Jules Tygiel maticulously and fascinatingly brings the history of baseball alive from its' beginnings up to "THE" homerun hit by Bobby Thompson in l951. Unlike other authors, however, he intigrates the progress of baseball with its intersection and influence on the progress of society. It is an unforgettable history lesson written in a crisp fashion that allows easy reading.
The last third of the book traces the dramatic changes in professional baseball that brings us the game we know today where arch rivals play a maximum of eight to ten games per year against each other and players continually rotate from team to team seeking the best dollar.
Whether you enjoy today's game as well the past where there were two leagues of eight teams each is irrelevent. Baseball, in the form it is played in 2000,is establishing permanentcy and likely to change little save for further expansion. Jules Tygiel's "Past Time" lets us understand the how and why the changes in the past fifty years have occurred. Like it or not - it sure is nice to know!
Finally, one of the best baseball books I have ever read.
Readers could enjoy this volume by selecting any one of the chapters; although the work is presented chronologically, Professor Tygiel offers each "inning" as its own entity. The meticulous research that entered into his writing (the book has some twenty pages of footnotes) weaves seamlessly into truly graceful writing. As he would say of DiMaggio, "he makes it look easy." There are trenchant observations on baseball as business, on the place of a ballclub in a city's self-definition and how the media has enhanced and democratized the sport.
I especially enjoyed his talented analysis of the impact of media on the sport. From print journalism, which helped create fans to the advent of visual media (ably noted as "new ways of knowing") to the impact of electronic dissemination of information, baseball has enjoyed a symbiotic relationship with mass communication. I was most impressed with his description of Henry Chadwick, whose devotion to the scientific and reform ideas he saw as essential to baseball's success, the father of baseball statistics. Readers will no doubt delight remembering Chadwick's invention of the stories "batting average" when they consider the impact of Bill James' type of information in their modern sensibilities.
There are nuggets of unmitigated delight here as well. Tygiel wonderously describes Babe Ruth becoming mute during an early radio interview and having his voice replaced by the moderator; nobody knew the difference and many commented on how well Ruth spoke. Then, Tygiel gives an absolutely fascinating commentary on Russ Hodges' famous "The Giants win the pennant" call after Bobby Thompson hit his "shot heard 'round the world." Not only that, he provides insight into how a prescient statistic analyst, Dodger employee Allan Roth, sadly predicted the very homerun which upset his beloved team.

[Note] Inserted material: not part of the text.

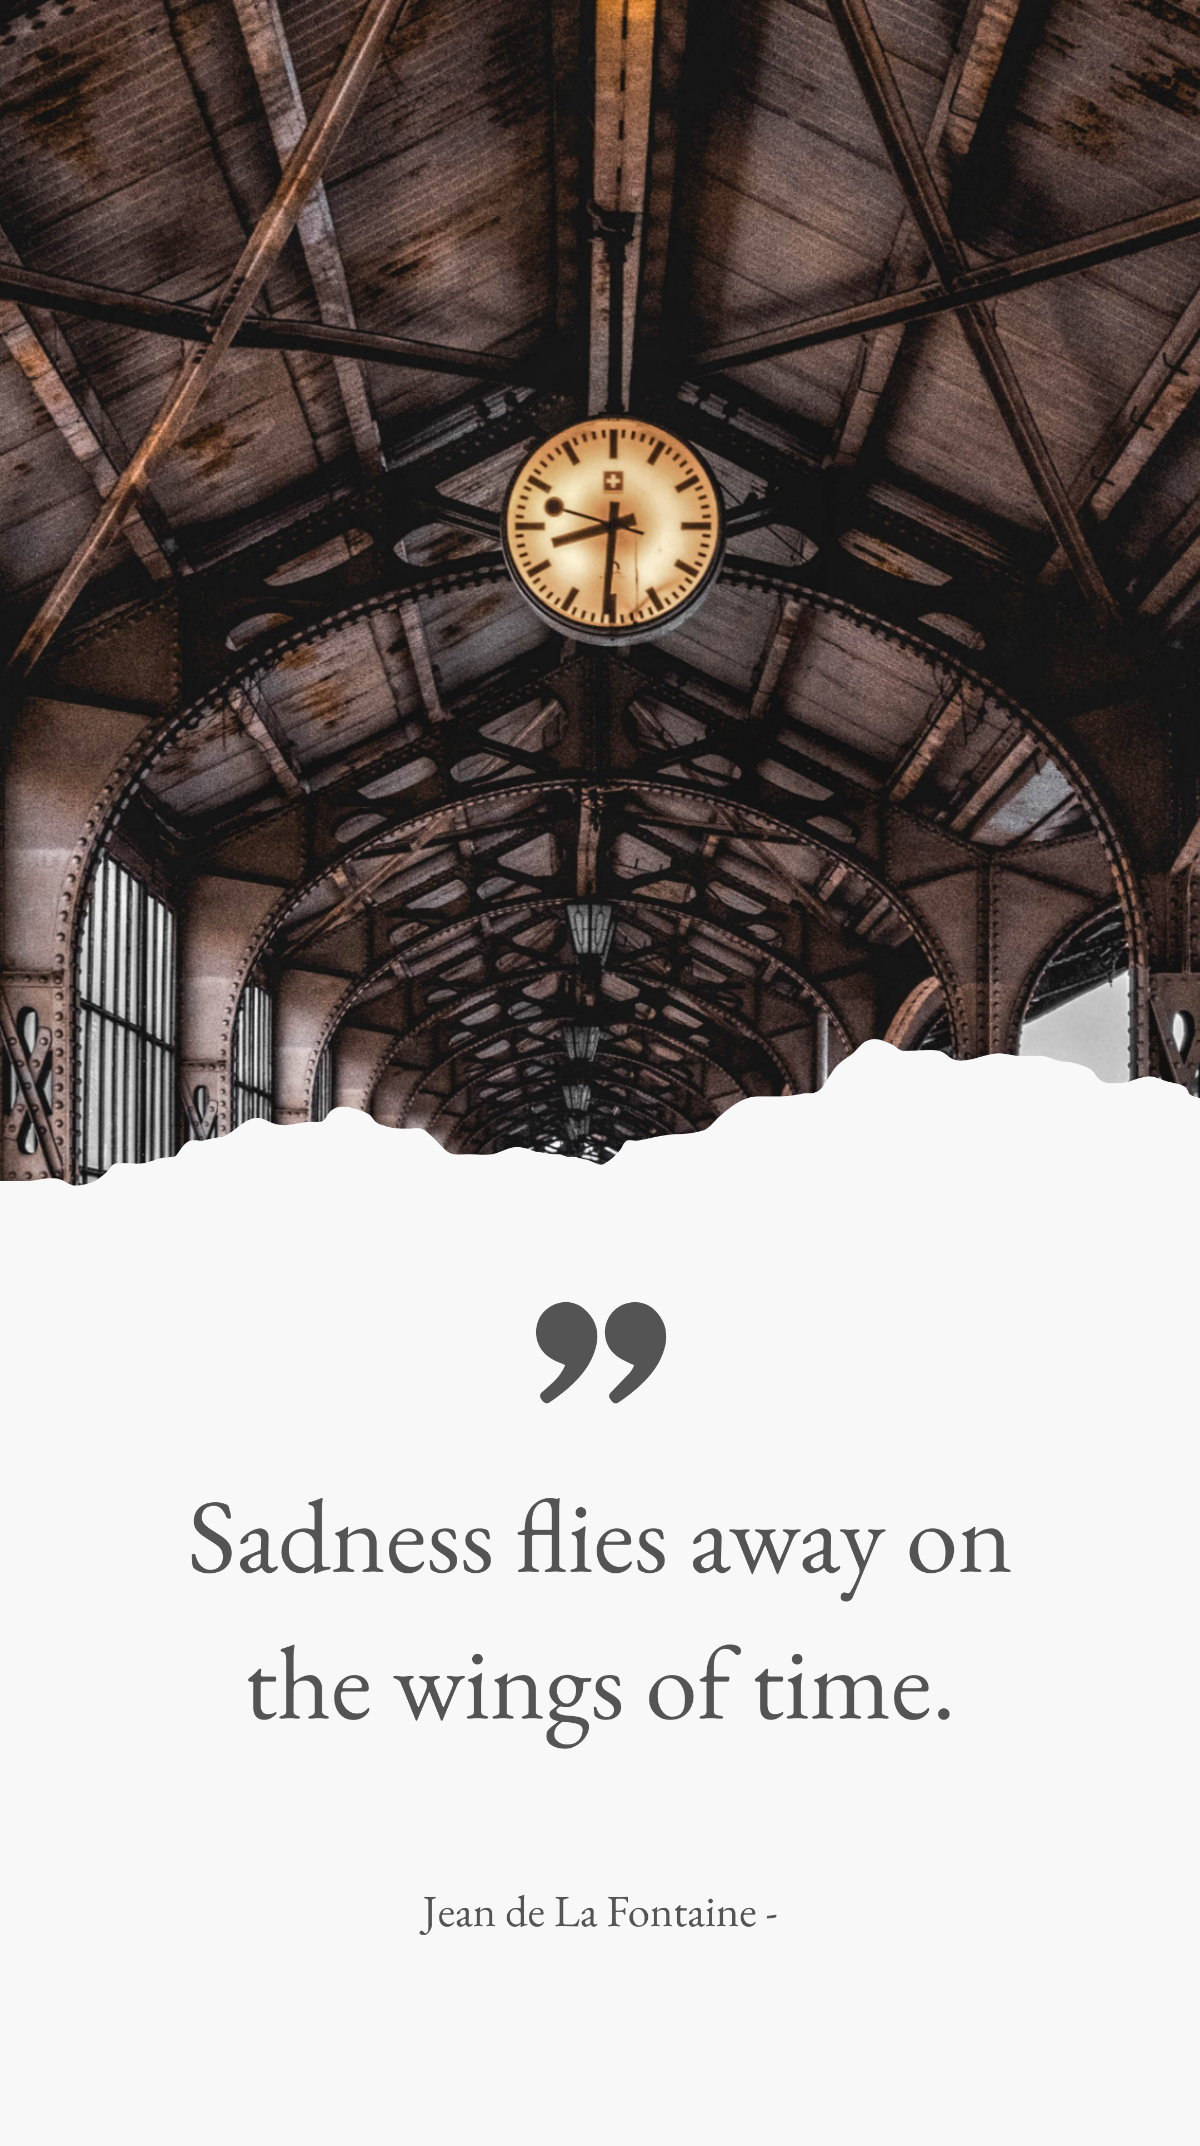 Jean de La Fontaine - Sadness flies away on the wings of time. Template

Written with a love of the sport, a respect for the glorious cadences of the human voice and a knowledge of the political, economic and social interaction of sport and society, "Past Time" will emerge as one of the essential works on baseball every fan of the game and of the country will want to own.
The history of some of the early magnates of the game (Comiskey, Mack and McGraw) parallels some of the other early captains of industry, and understanding how they did what they did explains much of how we have moved from agrarian society to industrial capitalism. The segregation of the Negro Leagues and the ultimate integration of the game are richly explored, set with the backdrop of the issue of race in America.
"The Shot Heard Round The World" was certainly one of the games greatest moments. But I had never thought of it in terms of the "post-war pre-eminence" (some, including the author might instead say the "arrogance") of America, and the place of New York as the center of the world (I guess the moniker "Mediteranian" had been already taken several centuries prior).
Easy reading. A great gift for those who have an interest in the game which goes deeper than what can be found in tomorrow morning's box scores.